159) Please provide reference for "TREM2 requires N-glycosylation for stability" (line 580).
160) Please change "quantification, and" to "quantification and" (line 591).
161) Please merge "Aberrant N-glycosylation primes tau for hyperphosphorylation and aggregation while reduced O-GlcNAcylation removes a critical brake against pathogenic modifications [91,116]." (line 612) with the previous paragraph.
162) Please merge "N- and O-glycosylation of APP and its processing enzymes profoundly influence amyloidogenic cleavage, with downstream effects on Aβ burden [5,117]." (line 615) with the previous paragraph.
163) Please merge "Glycosylation of receptors and adhesion molecules determines synaptic resilience, while glycosylation of immune receptors (TREM2, CD33, and RAGE) amplifies maladaptive neuroinflammation [19,27,118]." (line 617) with the previous paragraph.
164) Please merge "Enzymes such as OGT, OGA, and glycosyltransferases orchestrate glycosylation balance. Their dysregulation, often linked to impaired glucose metabolism and HBP flux, 621 couples systemic metabolic dysfunction to neurodegeneration [3,119]." (line 620) with the previous paragraph.
165) Please provide reference for "Enzymes such as OGT, OGA, and glycosyltransferases orchestrate glycosylation balance" (line 620).
166) Please merge "Glycoproteomic studies reveal distinct glycosylation signatures in brain, CSF, and serum, offering diagnostic and prognostic markers and providing disease-specific fingerprints that differentiate AD from other tauopathies [11,34,120]." (line 623) with the previous paragraph.
167) Please replace "Glycosylation-Focused Guidelines for Tauopathies: Toward Consensus on Tau Pathology" with "Glycosylation-focused guidelines for tauopathies: toward consensus on tau pathology" (line 629).
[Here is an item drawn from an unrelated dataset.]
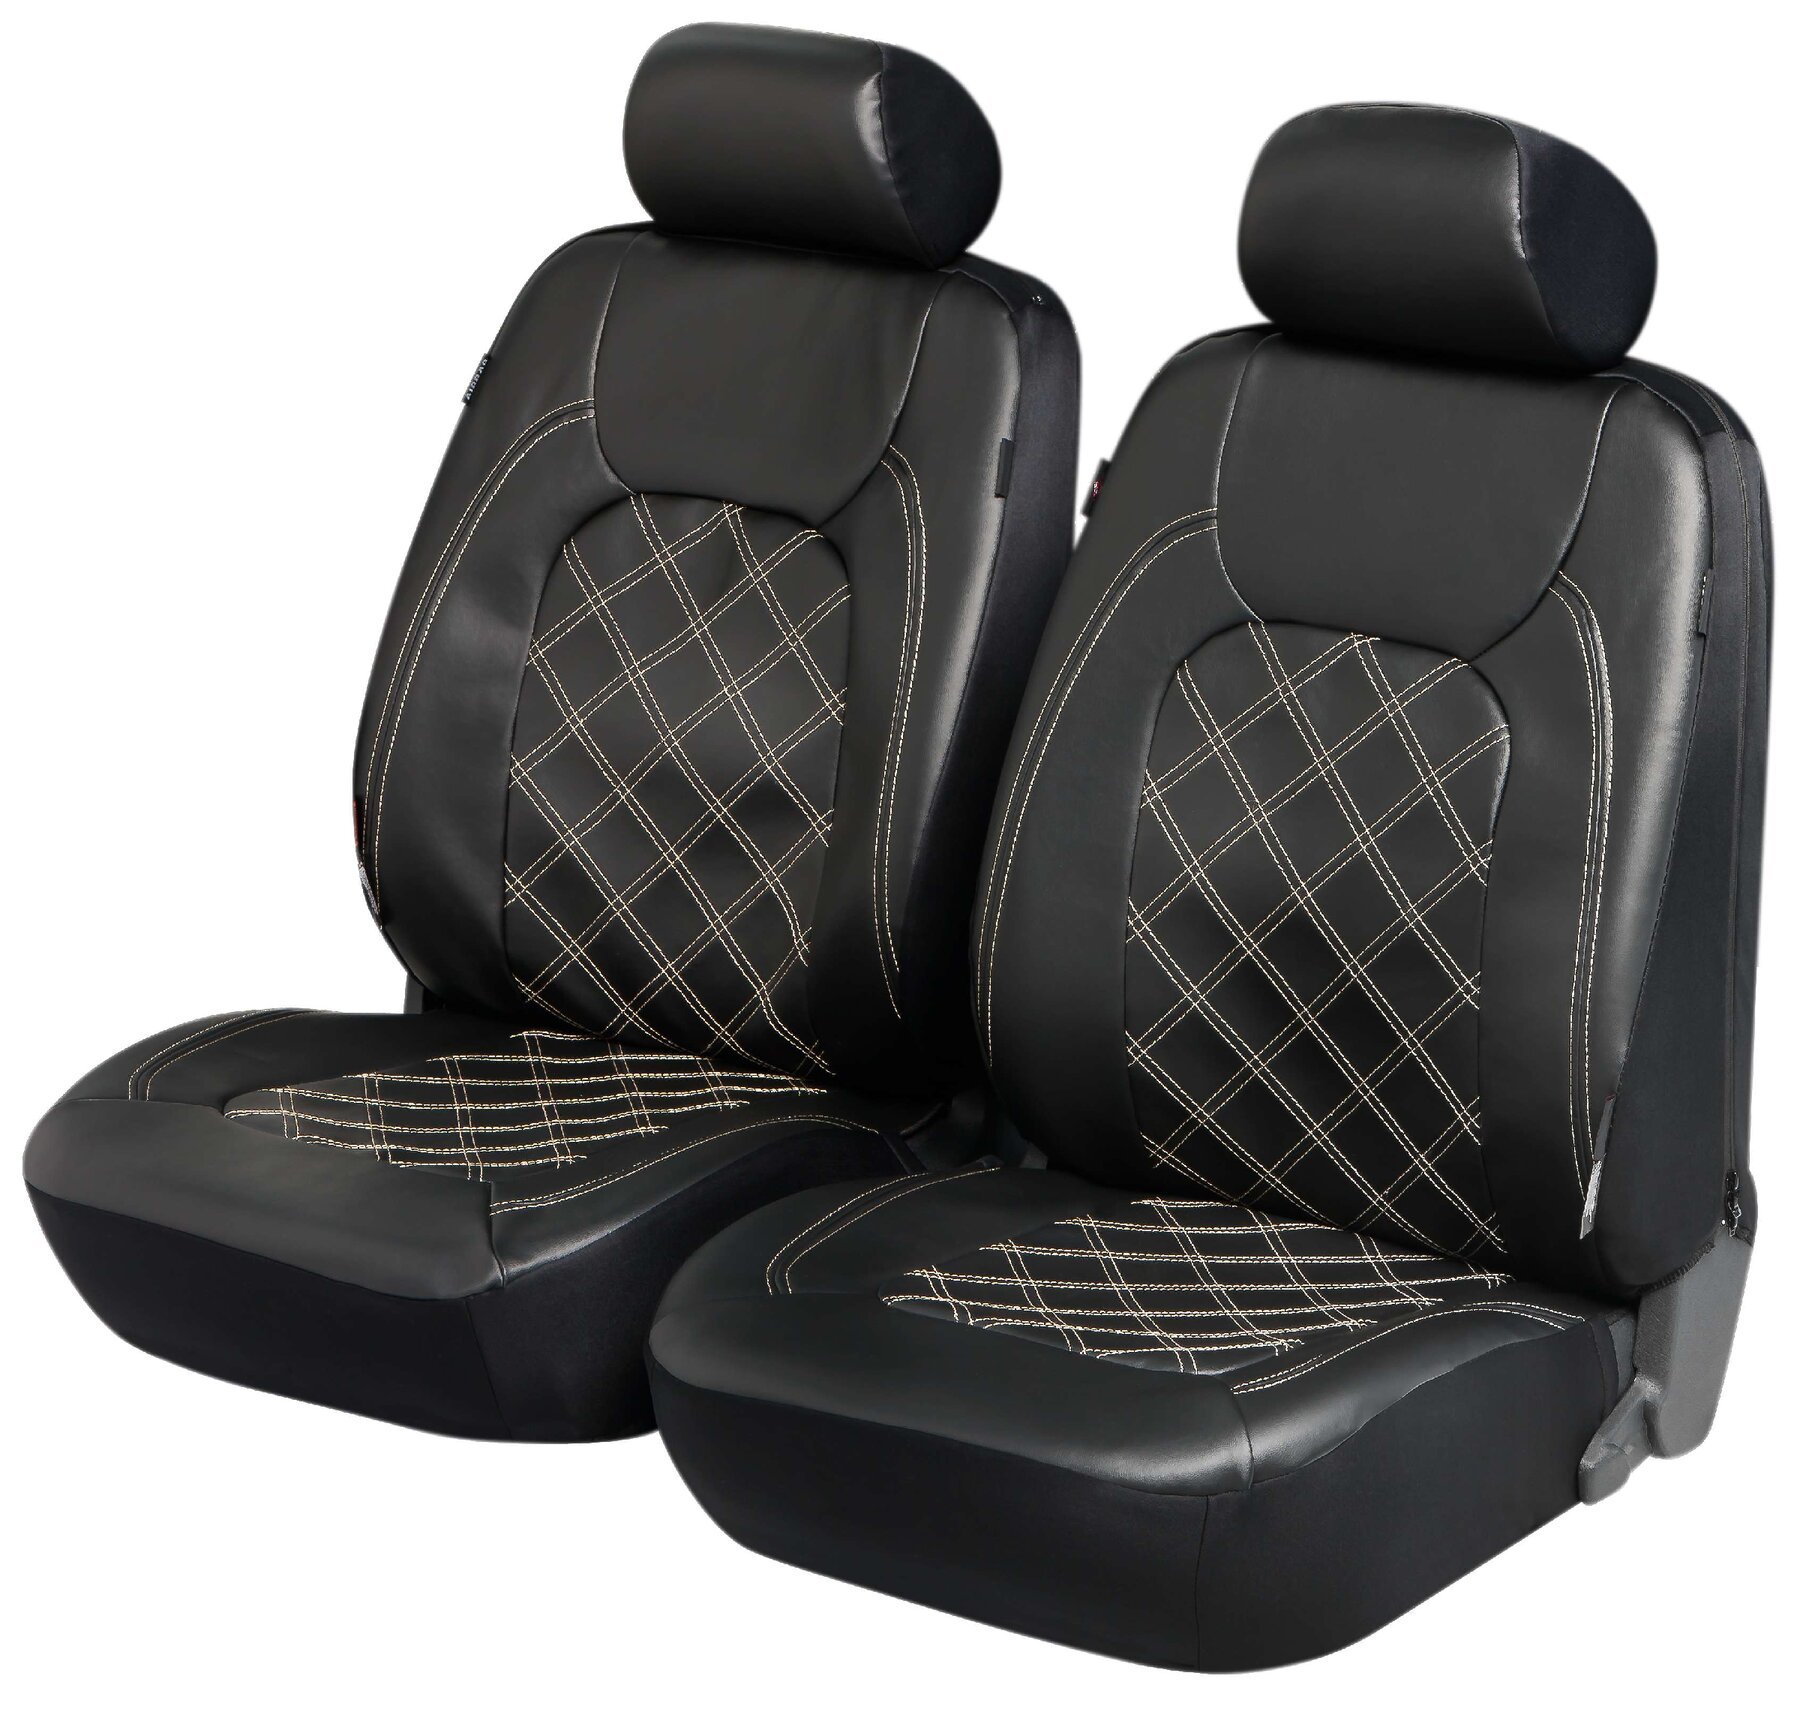 Deluxe Auto stoelbeschermer Paddington met Zipper ZIPP-IT Autostoelhoes, 2 stoelbeschermer voor voorstoel Kunstleer zwart 11978

168) Please sort "Asn, Asparagine; C-terminal, Carboxi-terminal region; GSKβ, Glycogen synthase kinase 3 beta; MARK2, Microtubule Affinity-Regulating Kinase 2; N-terminal, N-terminal region; N-glycosylation, N-linked glycosylation; O-GlcNAc, O-linked N-acetylglucosamine; OGA, O-GlcNAcase, OGT, O-GlcNAc Transferase; Ser, Serine; Thr, Threonine; 2N4R, Tau isoform with 2 N-terminal inserts and 4 microtubule-binding repeats" (line 637) according to the alphabetical order.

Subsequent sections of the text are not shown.